I see so many interiors go to waste because the owners do not take care of what they have. A lot of the time I can bring back a faded interior with dirt and grime in the seat cracks as I call them. Here is a DIY tip that will cost you little compared to buying new seat skins. If you have faded or plain dirty leather or vinyl seats gather the following supplies. 
We use top of the line products in our line of business but to save you guys a few bucks I will give you this info. 
1) Simple Green cleaner
2) water in a spray bottle
3) clean dry rag
4) scotch pad
5) medium bristle scrub brush
6) vacuum if your seats have corn nuts and cracker crumbs  

Start off vacuuming out the crevices of the seat.
Spray down your back section of your seat and be ready to scrub right away. If you let simple green sit on the seat it spot dry fast. So scrub asap with your brush doing the full back section of the seat. Now take your water bottle and spray the back section again. this time take your scotch pad and scrub away and you will see the dirt and grime coming up. When your done doing the seat back dry it down with your cloth. Next repeat on the lower section of the seat and your seat if not already in poor poor condition before you started should be nice and clean now. If you still see cracks where dirt is trapped repeat the cleaning steps over that area. Your seat should be cleaner and the material will sometimes be smoother. 

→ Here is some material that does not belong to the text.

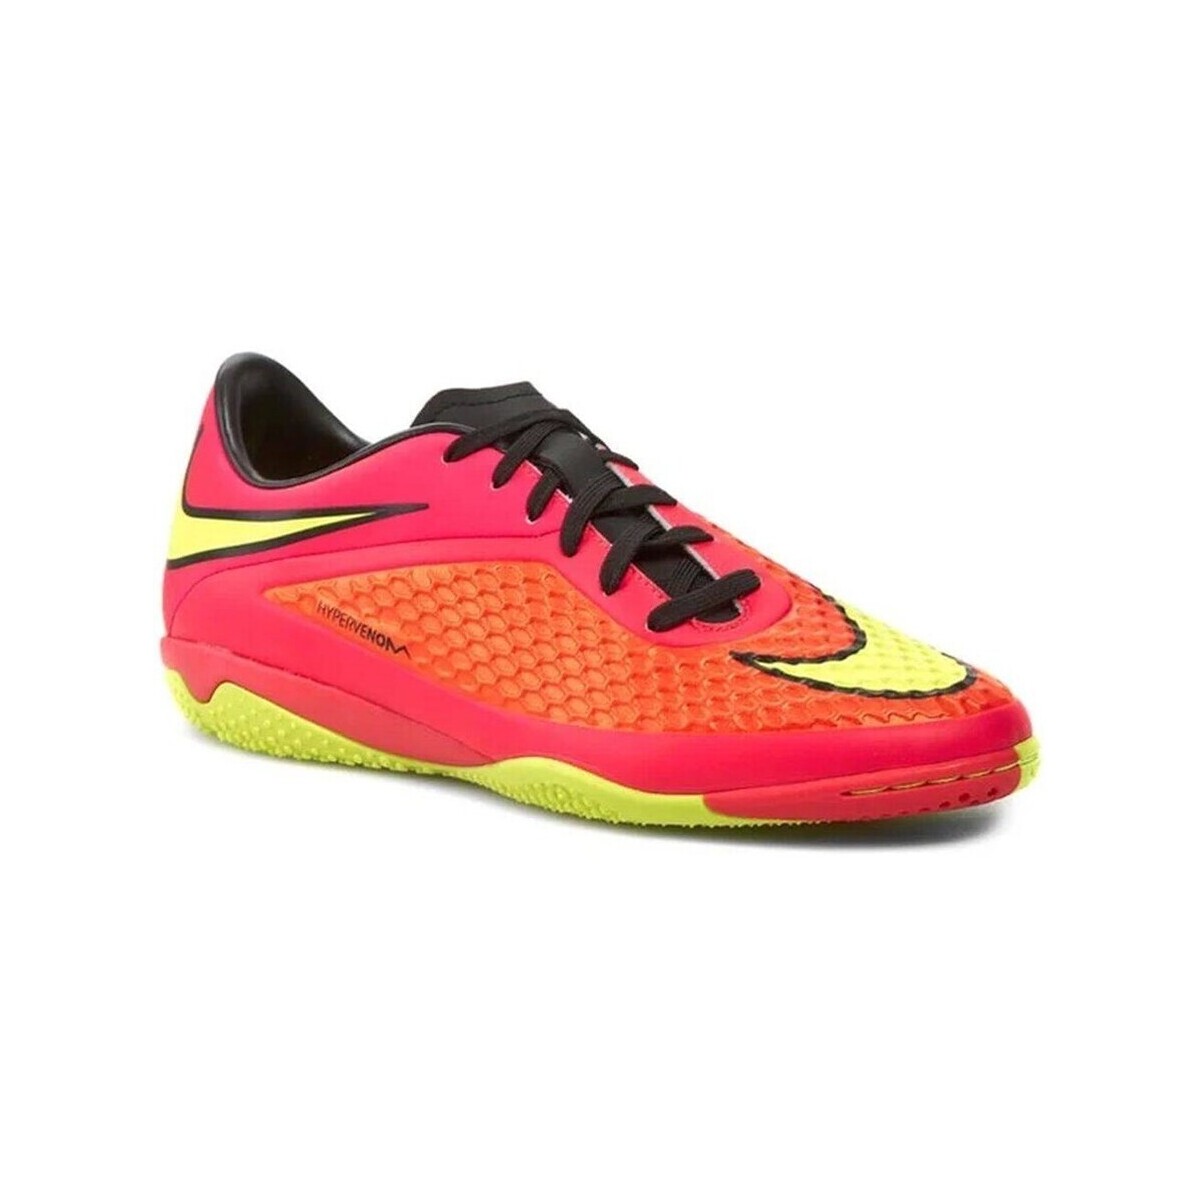 Shoes Men Football shoes Nike BUTYHYPPHELONIC599849690 Red, Orange

*Disclaimer*: This DIY tip is and I am not responsible for any damage you may cause when doing this yourself. I dont know what damage you could posibally cause but everyone does things differently.


----------



## thestunts200sx (Jul 11, 2005)

nice disclaimer, lol.

I just use a tiny bit of car soap and water...simple green always works wonders though.

A good tip as well, is to use warm/hot water...not boiling, but fairly hot to help lift dirt/grime.

Also, for a cleaner finish, pull the seats outta the car so you dont spray all over the place if your the kinda person that isnt detail oriented.
And after you've wiped it down, spray again with just water, to fully "rinse" out any solvent/cleaner residue. And I usually wipe down with meguiars leather wipes....works really well, and keeps thing lasting longer.

Check out http://www.nissanforums.com/showthread.php?t=105715 for my interior shot ....and that was 4 to now coming on 5 years ago.


----------



## AutomotiveRenewal (Sep 25, 2005)

thestunts200sx said:


> nice disclaimer, lol.
> 
> I just use a tiny bit of car soap and water...simple green always works wonders though.
> 
> ...


yeah I added that disclaimer just so someone doesn't go doing it wrong and come back crying. Not like I needed to but you never know these days. good info you added. sweet seats.


----------